Une thérapie réalisée de manière professionnelle est primordiale pour les soutenir. Une activité équilibrée, un peu de sport, des discussions avec des collègues de travail, tels sont également des éléments qui apportent une réponse pour gérer ce stress. Du reste, les employés du Service psychiatrique universitaire de Berne bénéficient d’un soutien psychologique et de cours gratuits à cet effet.

Formation et suivi

L’équipe qui a mené cette étude souligne dès lors un besoin urgent de formation et de services de conseil dédiés aux travailleurs de l’urgence.

La problématique des interventions laissant des séquelles est prise très au sérieux et ce depuis de nombreuses années au sein de la police genevoise, que nous avons contactée. Il existe ainsi un service psychosocial qui suit des collaborateurs et collaboratrices lorsque cela s’avère nécessaire. En sus, une cellule de débriefing composée de policiers et policières de terrain ayant suivi une formation particulière est disponible 24 h/24. Elle est activée de manière automatique dès qu’une intervention potentiellement traumatisante est assurée par les intervenants et intervenantes.


«Au sein de la Police cantonale vaudoise nous n’avons pas réalisé d’étude ou de statistiques auprès de nos policiers concernant d’éventuels symptômes liés au stress post traumatiques. Cependant, nous restons vigilants à ce phénomène car nous savons que dans le cadre d’une mission de police, les policiers peuvent être confronter à des situations violentes, difficiles à surmonter et susceptible d’engendrer un syndrome de stress post traumatique» indique une porte-parole. Elle ajoute que «pour prévenir de ce syndrome de stress post traumatique, l’institution dispose d’une cellule composée de psychologues et de policiers débriefeurs formés au soutien psychologique d’urgence. Tous les collaborateurs policiers qui le souhaitent, peuvent ainsi bénéficier d’aide immédiate, de défusing et/ou débriefing émotionnel suite à un événement potentiellement traumatique.»

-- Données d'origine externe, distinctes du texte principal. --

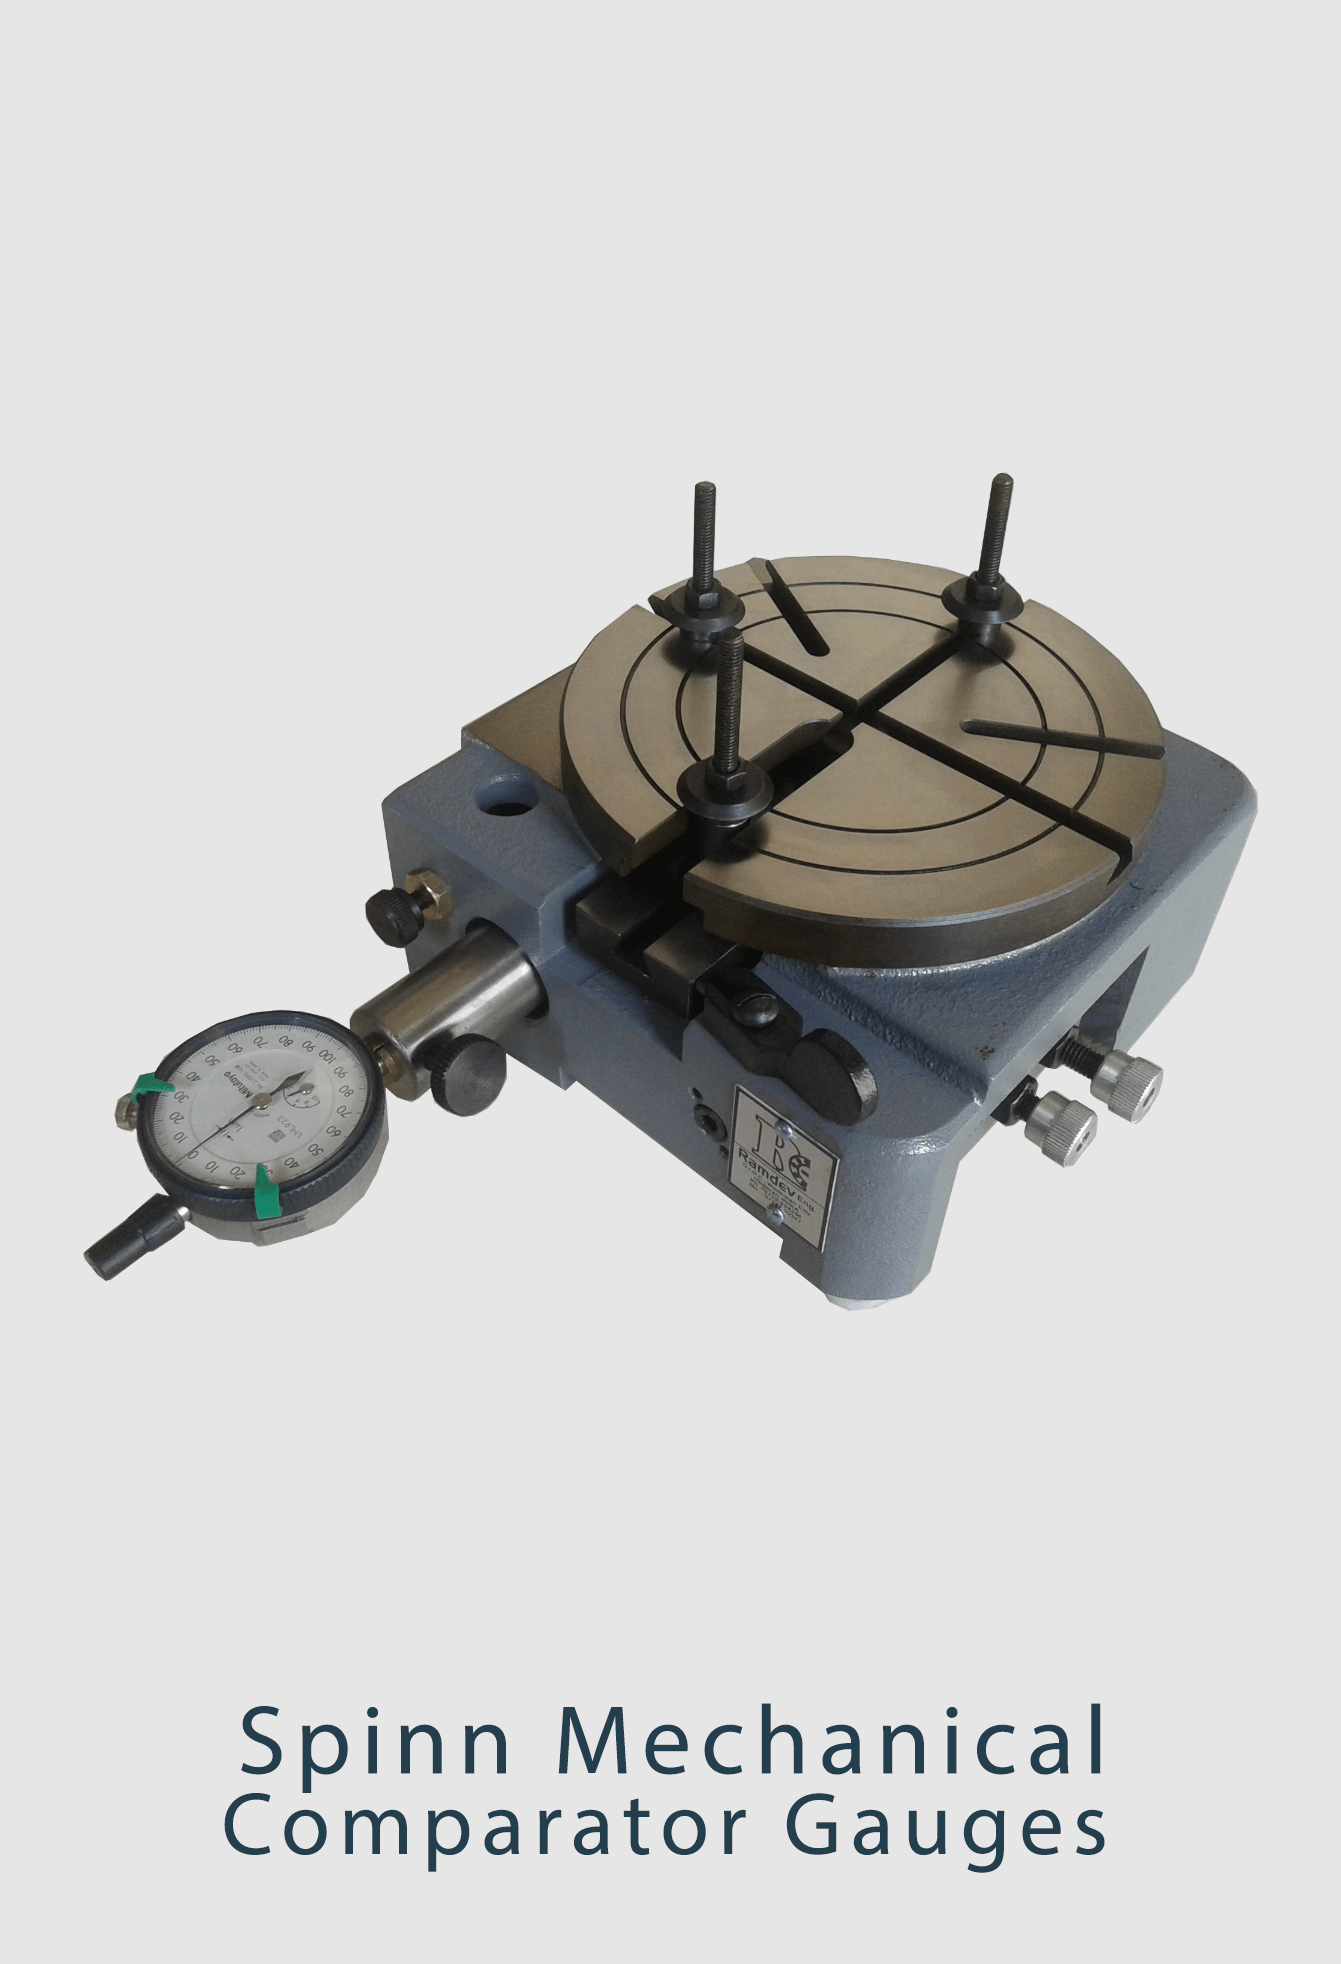 Spinn Mechanical Comparator Gauges
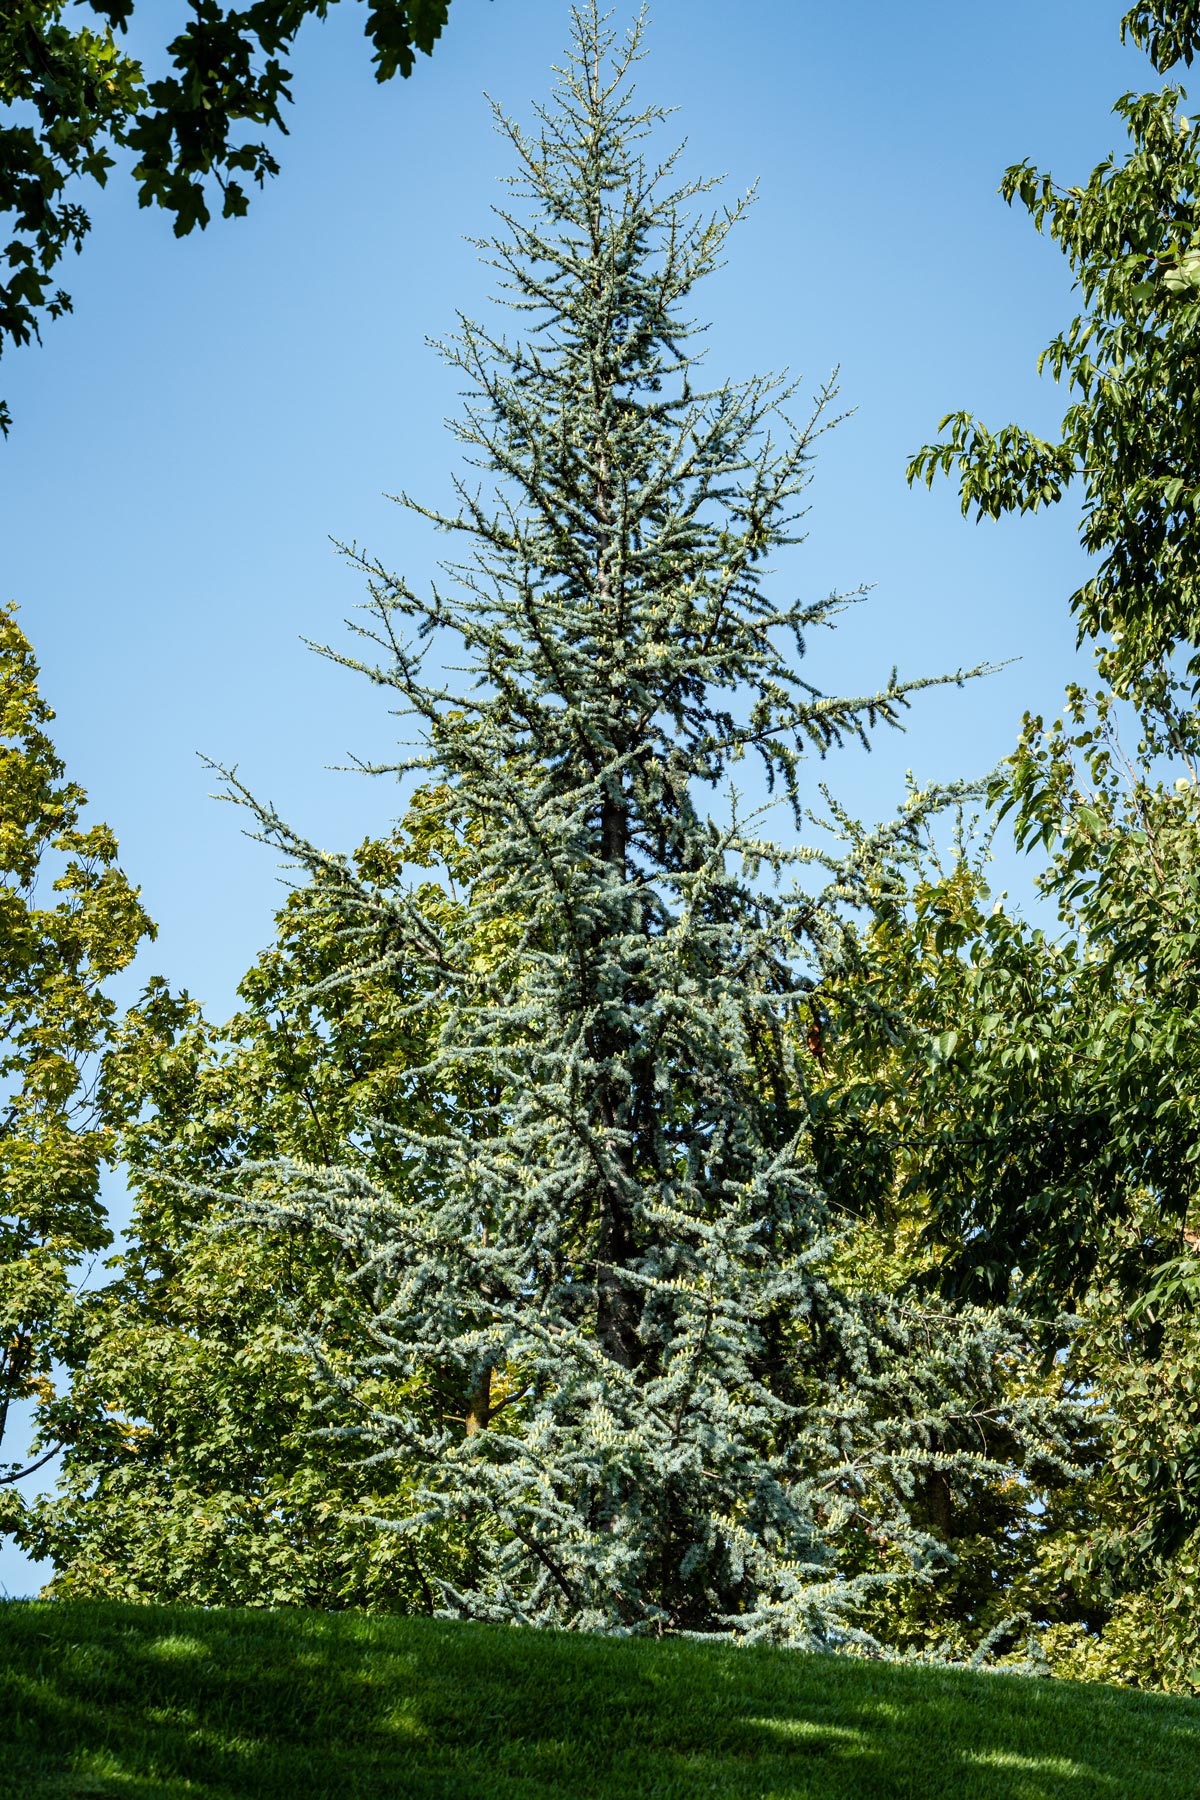 blue atlas cedar tree for sale - buying & growing guide - trees

Envies suicidaires? Faites-vous aider!

Selon Stopsuicide.ch, la problématique du suicide est un sujet complexe et multiple qui ne peut s’expliquer au travers d’une réponse unique. Cette association vise à briser le tabou qui englobe le suicide afin de réfléchir aux différents moyens permettant de mettre en œuvre une aide concrète destinée aux jeunes en souffrance.

D’autres structures comme La Main Tendue (composez le 143) et la Ligne d’aide pour jeunes (147) sont également disposées à aider.